To Barclay, these moments were not exceptions. They were the work.
Love is a Circle
As the years passed, Barclay’s deep relationships with students she lovingly calls her “children” ripened new fruit. The children of children enrolled at RMC.
Emma Landis ’24, daughter of Lindsay Natale ’91 and Barry Landis ’88, stopped in the campus store after she had enrolled at the College and was flabbergasted when Barclay recognized her from the family’s holiday cards. “I was a little girl in those pictures!” Emma marveled. “How could she know that she was me?”
Barclay’s deep connections with alumni and parents afforded her a special role that she relishes: asking for donations on behalf of the College.

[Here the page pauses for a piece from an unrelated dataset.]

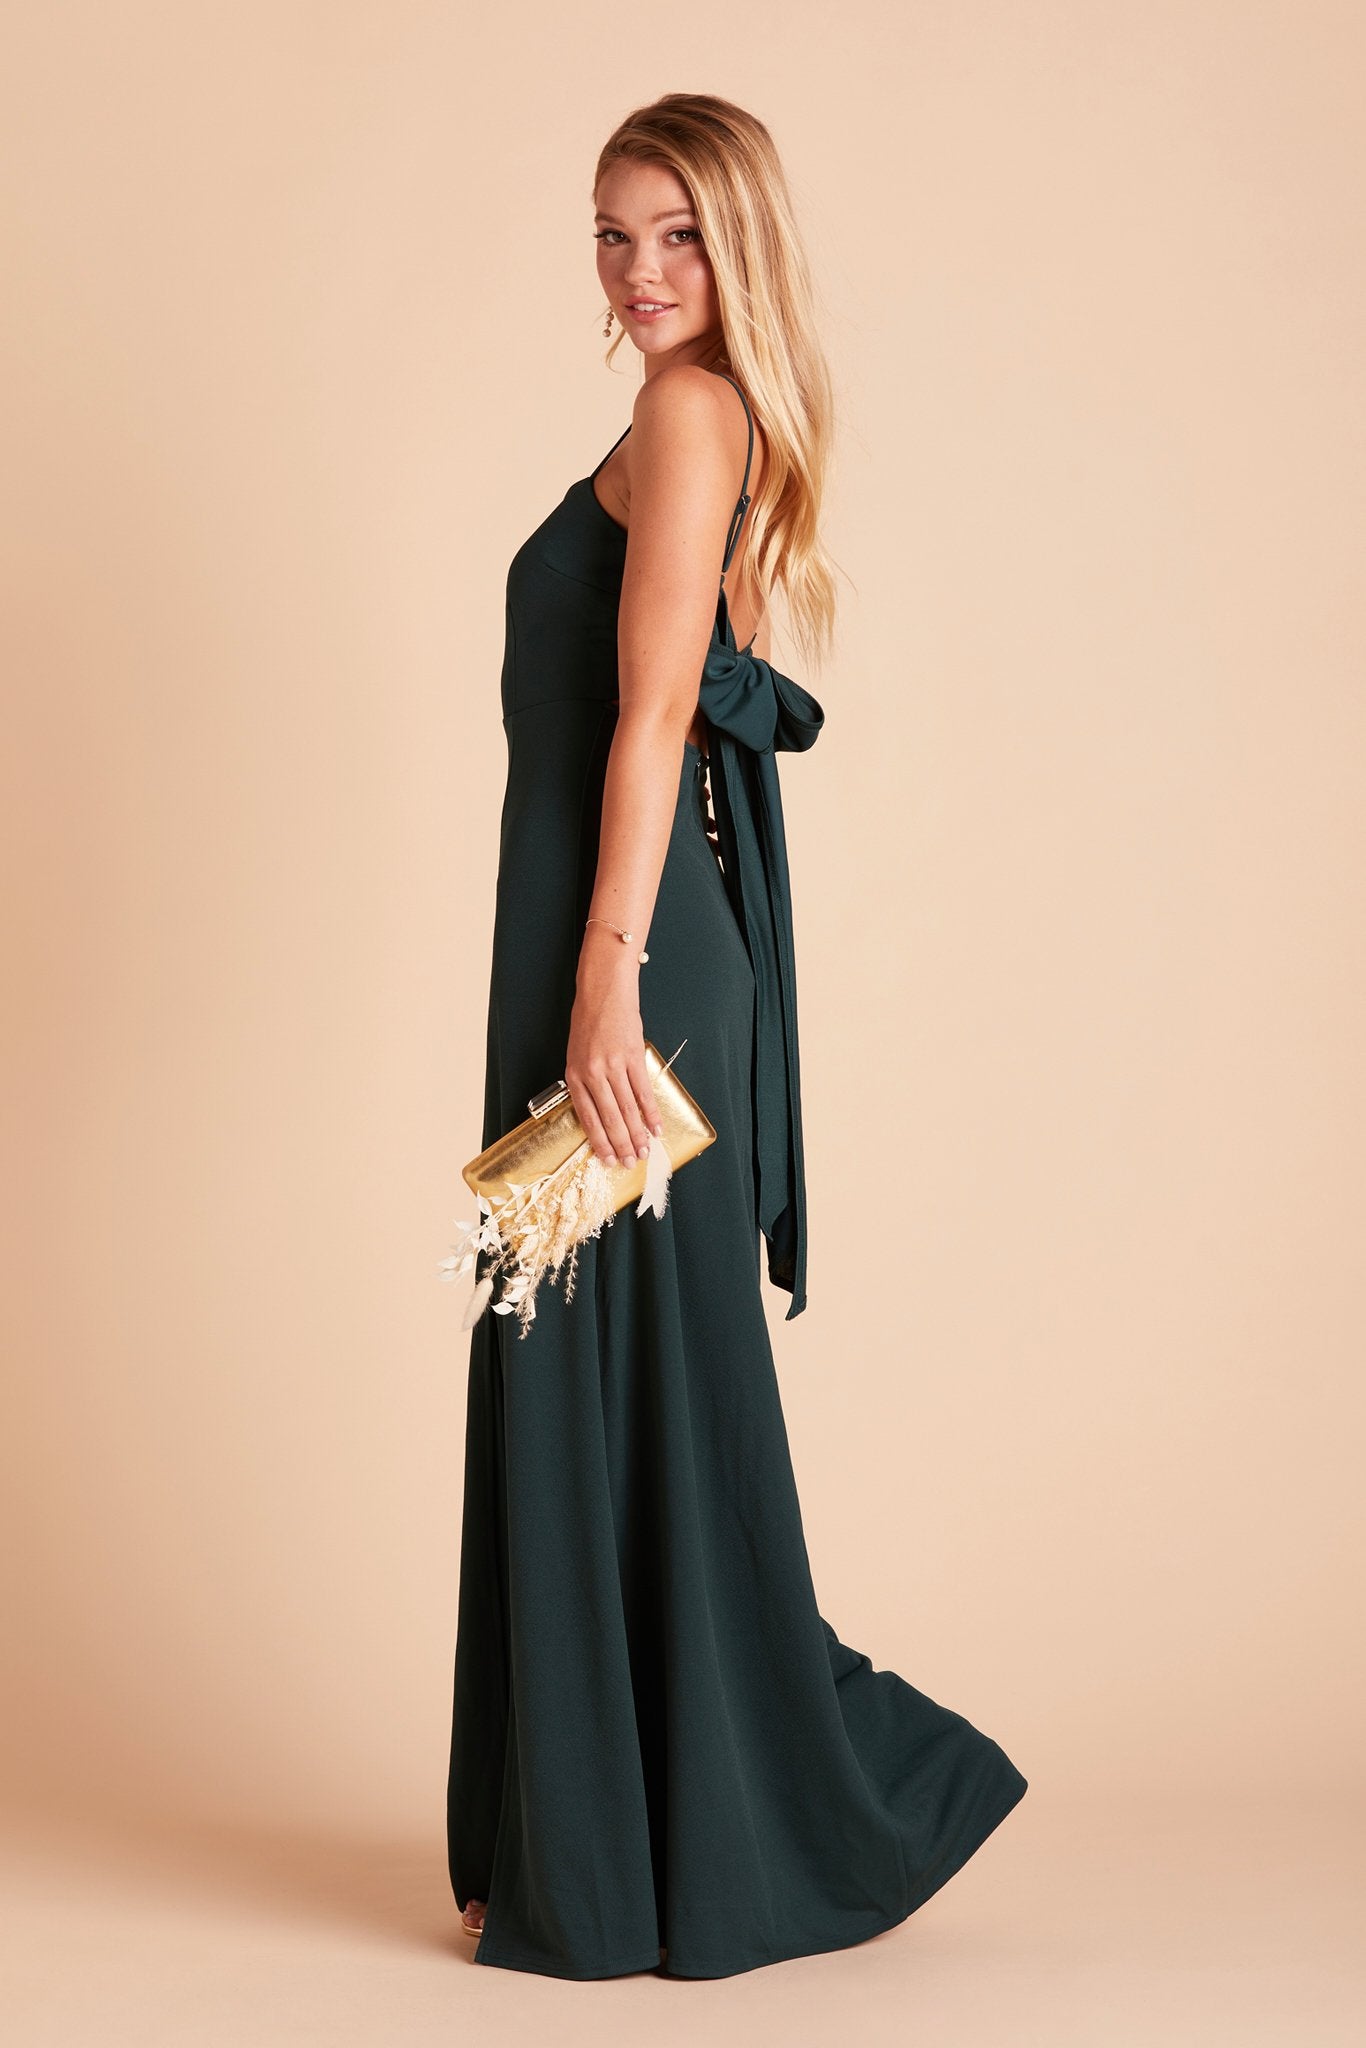 Benny bridesmaid dress in emerald green crepe by Birdy Grey, side view

“She’s a natural-born fundraiser,” reflected Interim Vice President for College Advancement Rick Golembeski ’96. “When her name pops up in your inbox or on your phone, you know what the ask is going to be, and you say yes because you love her, trust her, and believe in Randolph-Macon just like she does.”

More than a few Barclay admirers have mused on what Randolph-Macon will be without the woman so many see as its heartbeat in its employ. “I have been asking myself one question ever since I heard Barclay was retiring,” admitted President Michael Hill, who counts himself among those fervent admirers. “And that’s ‘how in the world does RMC make any sense without Barclay in her chair?!’ But then I stopped to think about how her abiding love for all Yellow Jackets is a standard to which we all aspire. And I know she’ll keep her promise to never truly leave us. So we plan to send her off in style and keep the chair handy for whenever she visits! Because it’s not the paycheck that makes her who she is, it’s the love that she will continue to share, and for that I’m beyond grateful.”
The Queen herself promises to keep working the phones, tell anyone who will listen to come to RMC, and to visit campus often. “I wouldn’t want to be anywhere else,” she said—just as she has, in one way or another, for more than 40 years.